The idea for an In the Whale beer came about a month ago. Black Shirt Brewery says that music drives everything it does, and it has made collaboration beers before, with bands like Covenhaven and Glowing House. So reaching out to In the Whale was a natural move.

“They work so much with musicians, we thought we would be a good fit,” Valdez says of the collaboration. “We’re all about it. Our fans drink their faces off, and just putting our music in something that’s not a CD or shirt or something like that, a new form of marketing is really cool.”

The band isn’t new to interesting merchandise. In the past, koozies, condoms, pogs and fans have all been on their merch table. The idea of something ingestible immediately appealed to the duo.

“For us, it’s like, 'What better way to connect on a different level and stand out than with a beer?'” says Valdez.

Black Shirt, being a small craft brewery, usually makes strong, heavy, unique beers. But Valdez told them he isn’t a hops guy, and the duo wanted a light beer that fans could drink while jumping around at their shows. The result is Whales Suck. It’s malty, crisp, and goes down as smoothly as water.

“If we’re talking about replacing PBR at a rock show, this is much more flavorful than that, but it doesn’t sit any heavier,” says head brewer Brandon Miller. “It’s not a big, hoppy beer that’s in your face.”

The brewery made 750 gallons of the brew, canning 160 cases and packing kegs with the caramel-colored beer. The cans are label-less. “It’s punk rock as shit,” quips Miller.

Valdez said they wanted a beer that fans could drink a lot of and not feel sick. Judging by the piles of crushed cans and the sold-out crowd that just wouldn’t stop moshing, In the Whale got what it wanted.
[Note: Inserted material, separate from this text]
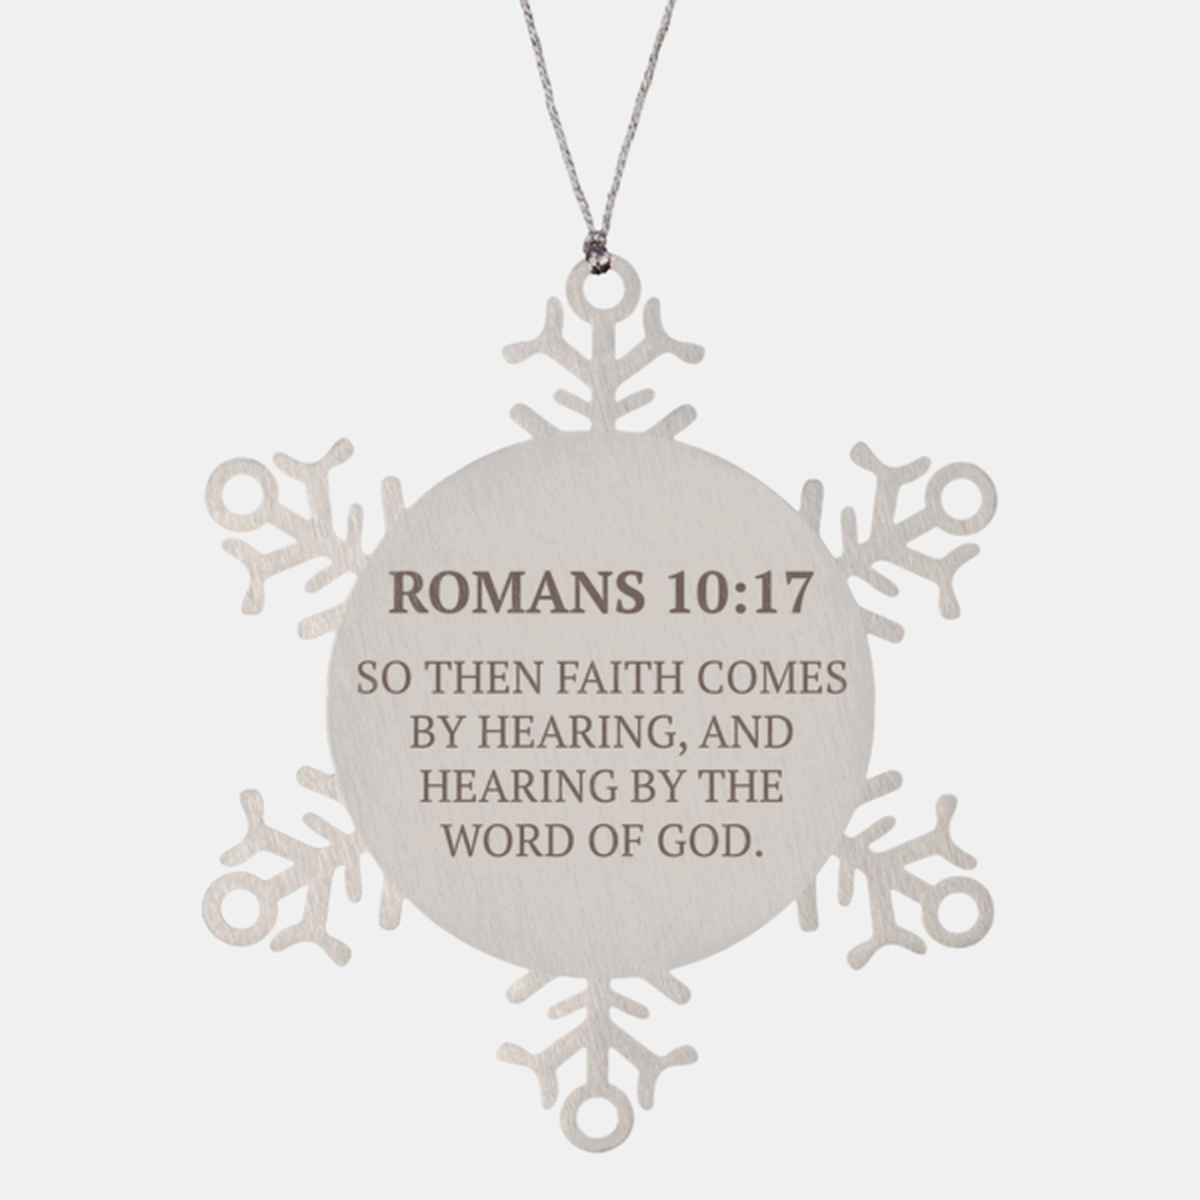 Christian Ornaments For Christmas Tree, So Then Faith Comes By Hearing, Religious Christmas Decorations, Scripture Ornaments Gifts, Bible Verse Ornament

Of course, mixing beers and bands isn’t a new idea in a city that’s more or less fueled by guitar chords and craft ales. Black Shirt Brewery has done multiple collaborations. Coda Brewing in Aurora has made beers for the likes of Dragondeer and Red Fox Run. Ratio Beerworks is celebrating a new album by The Knew with a “Knew Schmew Brew,” and there’s even an annual UMS lager by Breckenridge Brewery on tap every year during the Underground Music Showcase.

“I’m surprised more people haven’t done that,” Miller says. “We didn’t reinvent the wheel, by any means; we’re playing off the things that inspire us. Its very natural that music would be one of those things, and if we can connect deeper with the community, that’s great.”
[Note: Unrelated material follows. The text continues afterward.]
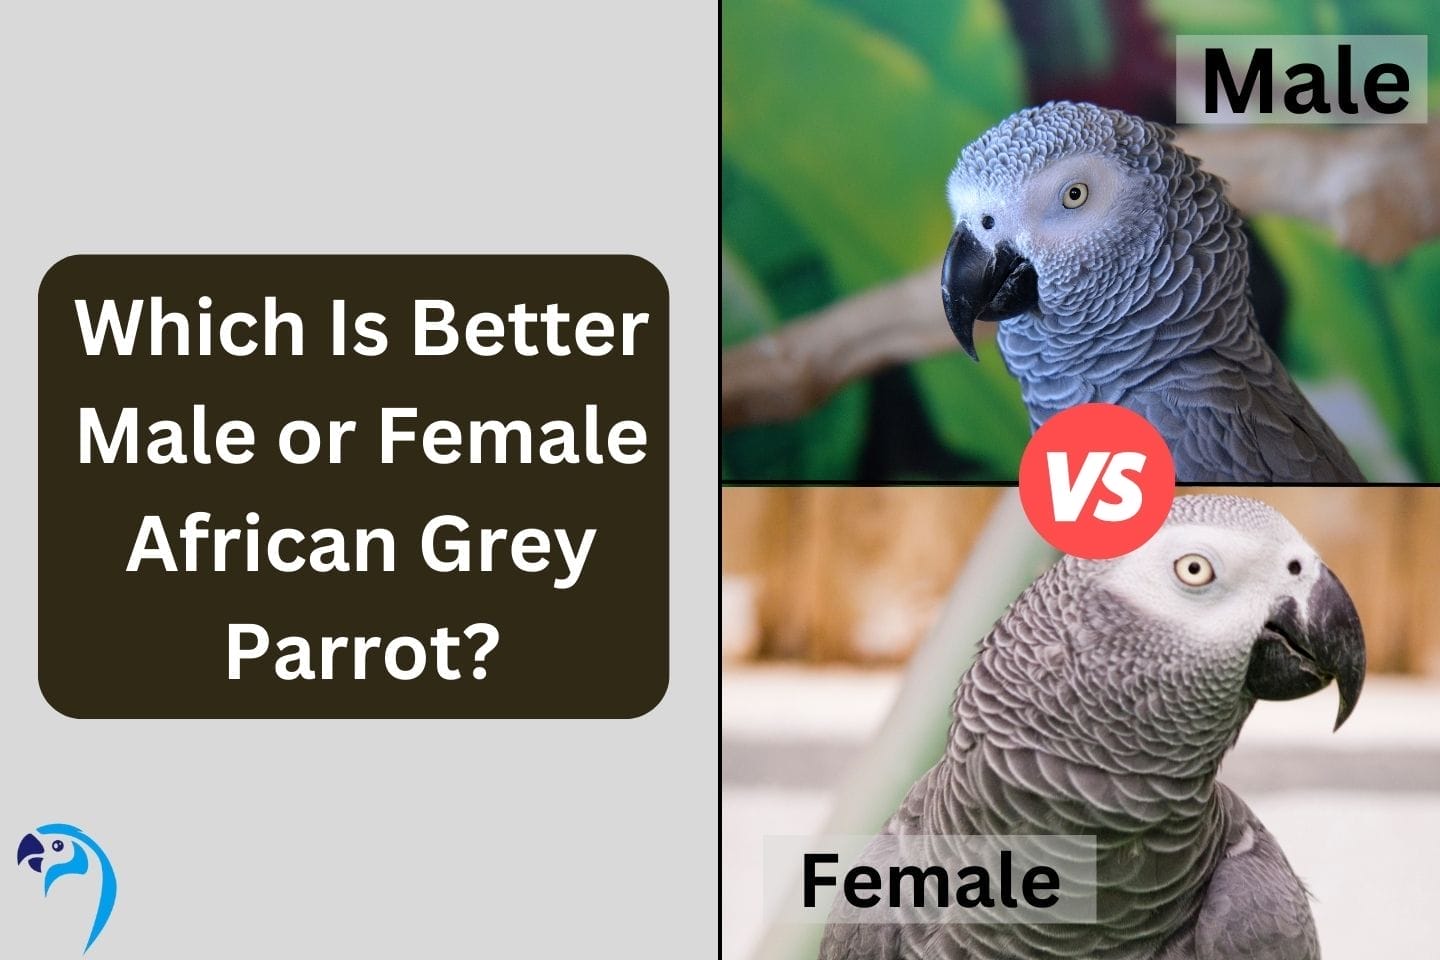 Which Is Better Male or Female African Grey Parrot?

Saturday morning, Valdez is thoughtful and soft-spoken about the collaboration, reiterating that it’s cool and he hopes people like it. Saturday night, armed with a pedal board and a shiny black guitar, he’s a man possessed. He climbs the wooden palettes that surround the stage, chugs cans of his namesake beer, and reminds the rowdy crowd that they can “fuck off” if they don’t like the new liquid form of In the Whale merch. Of course, not a single person disliked the beer. All during the set, it was a mix of people jumping, screaming and running back to the bar to grab another can.

Miller sums up the beer perfectly: “It’s a simple composition, a lot like In the Whale is. But it kicks a lot of ass.”